Hey folks! I’m trying to understand how Google does it’s load balancing.
I think this is correct:
The gcloud compute addresses create command is creating/registering an anycast ip address with the Google Front End (aka https://research.google/pubs/maglev-a-fast-and-reliable-software-network-load-balancer/|Maglev?).
Then stuff like gcloud compute forwarding-rules create (and stuff like url-maps and backends) says how to route requests the GFE recieves on that IP to the stuff I’ve created in GCP (like my gke cluster in northamerica-northeast1).

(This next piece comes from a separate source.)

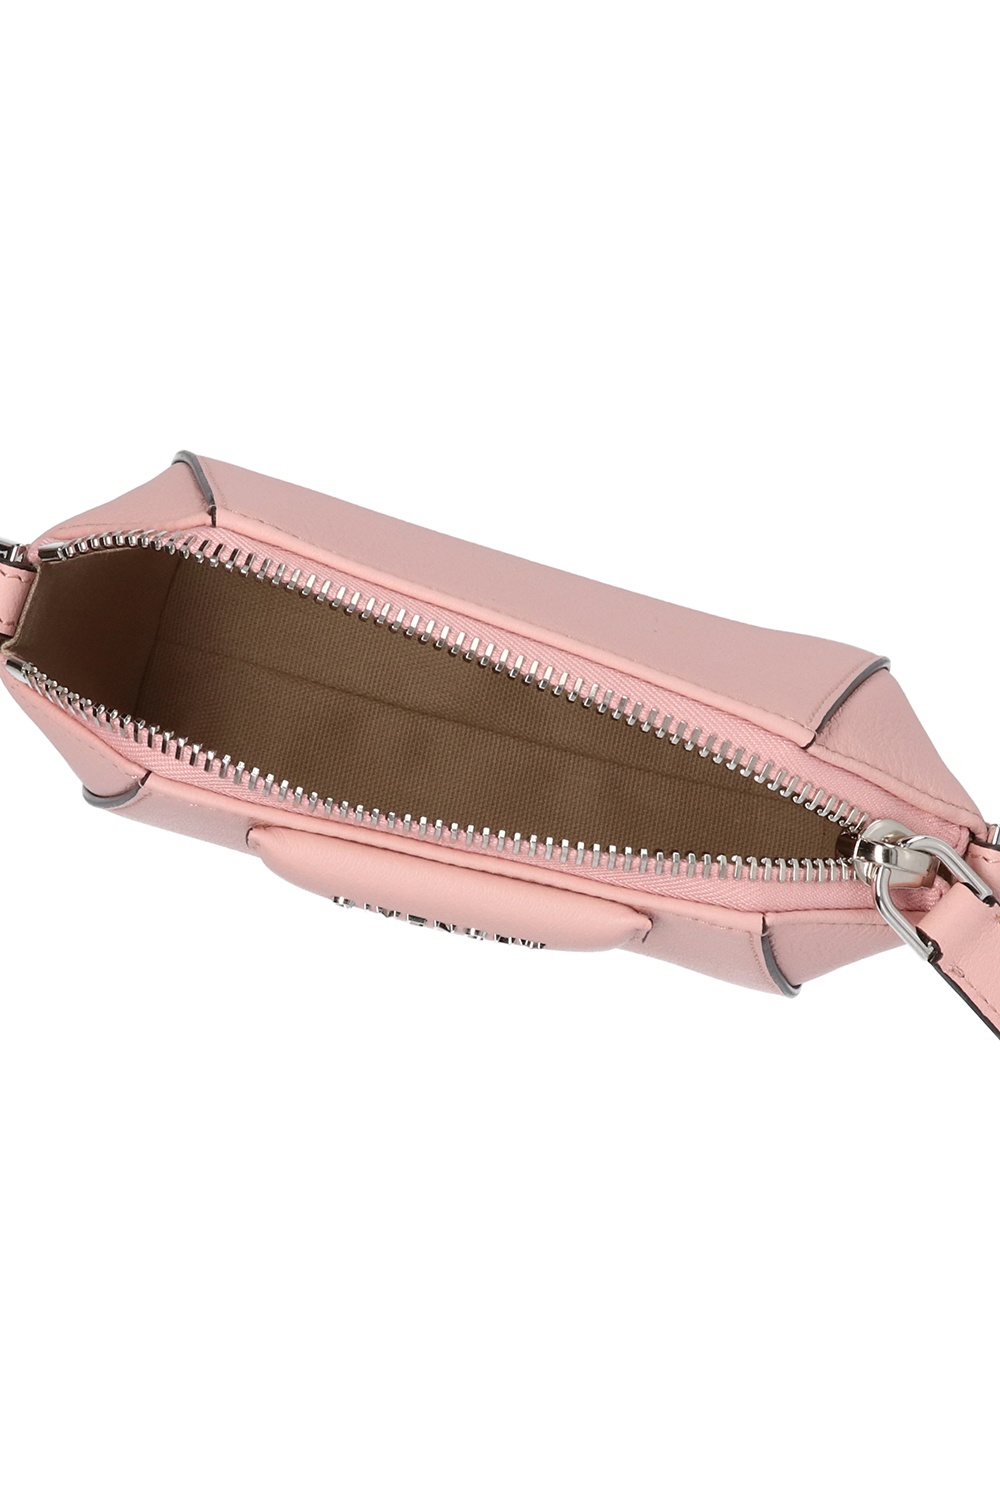 Givenchy Nano Antigona Crossbody Bag - Pink Crossbody Bags

These commands seem kinda disconnected (to me), but if those are actually a set of commands for programming the GFE via the Software Defined Networking stack (https://cloud.google.com/blog/products/networking/google-cloud-networking-in-depth-how-andromeda-2-2-enables-high-throughput-vms|Andromeda?) then it feels like the dots are finally connecting.

Am I getting this right?

The 1st command is used to reserve a static IP (regional or global) for the LB setup . GFE is not within user’s control it is a abstraction layer but yet it is Maglev. The 2nd command is also part of the LB which routes traffic from GFE to the actual LB. Route LB request s to stuff created in GCP (aka backends) are done via backend services also a part of LB setup.

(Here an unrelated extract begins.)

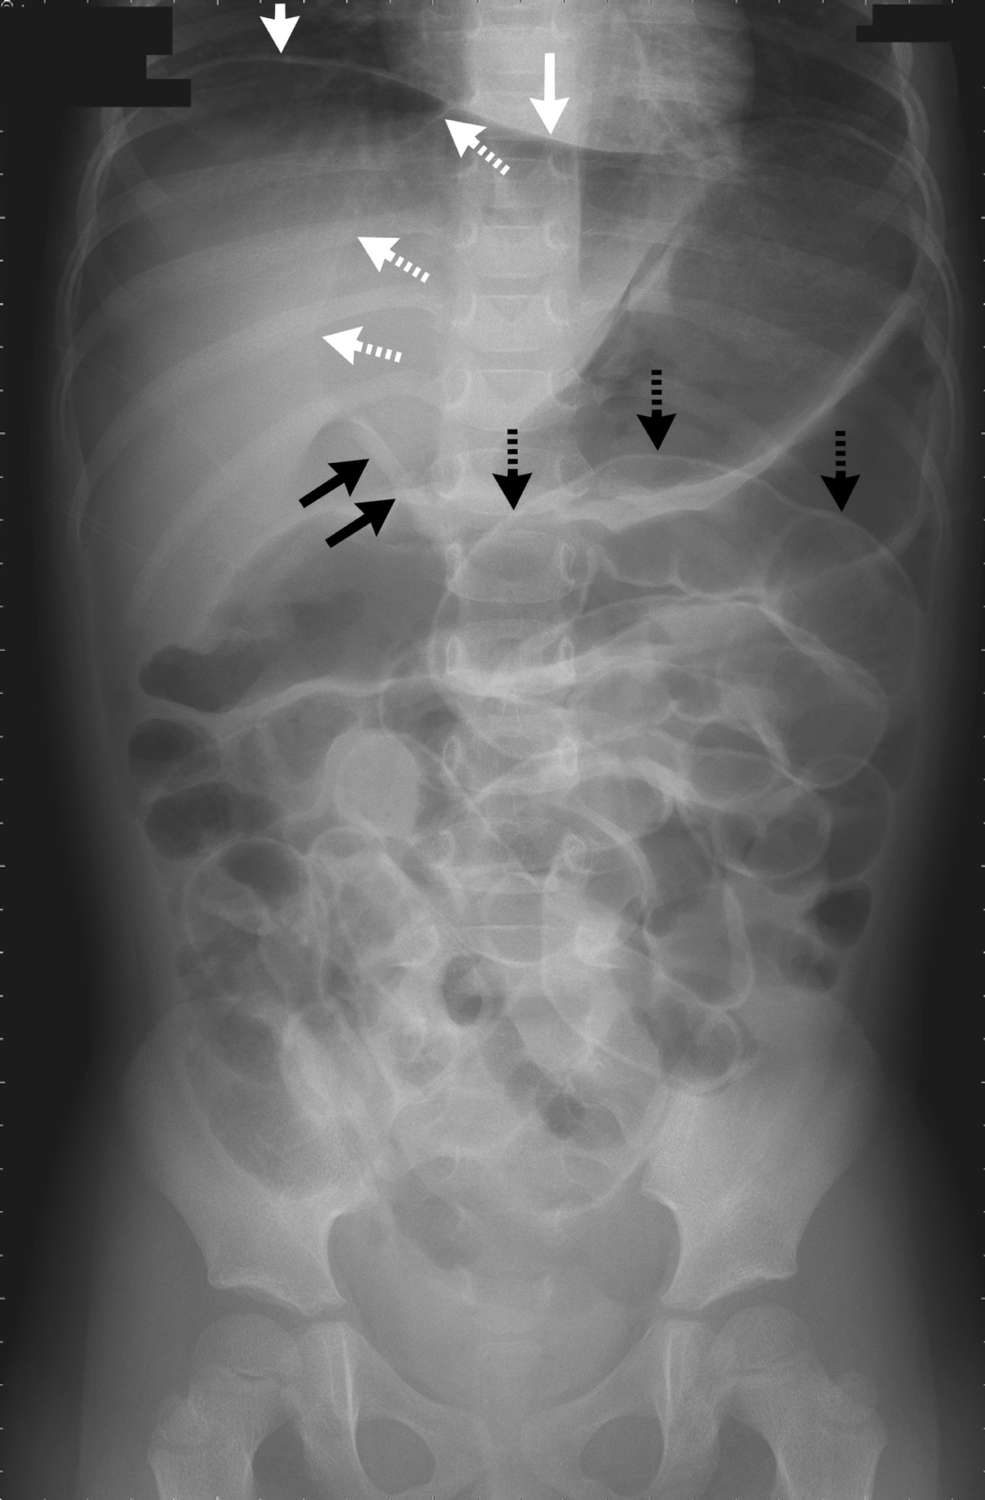 Signs of Pneumoperitoneum on Abdominal X-Ray

So when I create an IP maglev starts “anycasting” it?

No. Maglev is GFE at edge locations. When you create a IP , Maglev learns the LB and would route traffic from GFE to the LB based on whether it is a Global or Regional LB

If you look at some of their terraform load balancer modules, or some of their howtos on setup that use the CLI, it may help understand the different parts better. GCP’s load balancers have a lot of separate parts that are kind of hidden if you create them using the CLI or a Kubernetes resource.

Also, GCP has multiple load balancing implementations (internal L7, internal L4, external L7 (both classic and new flavors) and external L4).

They’re very performant / efficient, but understanding all the moving parts can be a lot (and again, both the parts involved and the underlying technology are somewhat different for all of the above). I think the newer flavor of external L7 LBs and internal L7 LBs are both based on Envoy

and do you have some links (to code, blog posts, videos, or terraform modules) that I should be looking at to get a better understanding?

tf module wise, could look at
https://github.com/terraform-google-modules/terraform-google-lb
https://github.com/terraform-google-modules/terraform-google-lb-http
https://github.com/terraform-google-modules/terraform-google-lb-internal

As far as other posts, there are a bunch of individual howtos in the GCP docs, for example
https://cloud.google.com/load-balancing/docs/https/ext-https-lb-simple etc.
— looking at the CLI commands should give a good idea of what the moving parts are.

Some of this may be now outdated, and there might be some other good Next talks as well, but I believe I saw <https://www.youtube.com/watch?v=HUHBq_VGgFg|this talk> or <https://www.youtube.com/watch?v=J5HJ1y6PeyE|this talk> in person and found it very informative.

https://cloud.google.com/blog/products/gcp/google-shares-software-network-load-balancer-design-powering-gcp-networking
https://cloud.google.com/blog/products/networking/google-cloud-networking-in-depth-cloud-load-balancing-deconstructed
https://research.google.com/pubs/archive/44824.pdf
etc. for some higher level info

I think one of the massive pros is that GCP’s L7 LBs are mostly global from the start (vs. regional), and there are some pretty sophisticated options for how to handle traffic to different regions if you have a multi-region service (vs. having to have LBs in each region but then do DNS based global load balancing to determine where traffic goes).
With the envoy-based products, there are some other cool capabilities including (if memory serves), some facilities for things like traffic mirroring and chaos engineering hooks.

OTOH, there is some lack of configurability in terms of things like being able to apply firewall rules (yes, you can apply some restrictions using cloudarmor, but not at a lower level), choose what ports are being listened on, and, in a lot of cases, how error pages show up (though there are some new options there now, I think).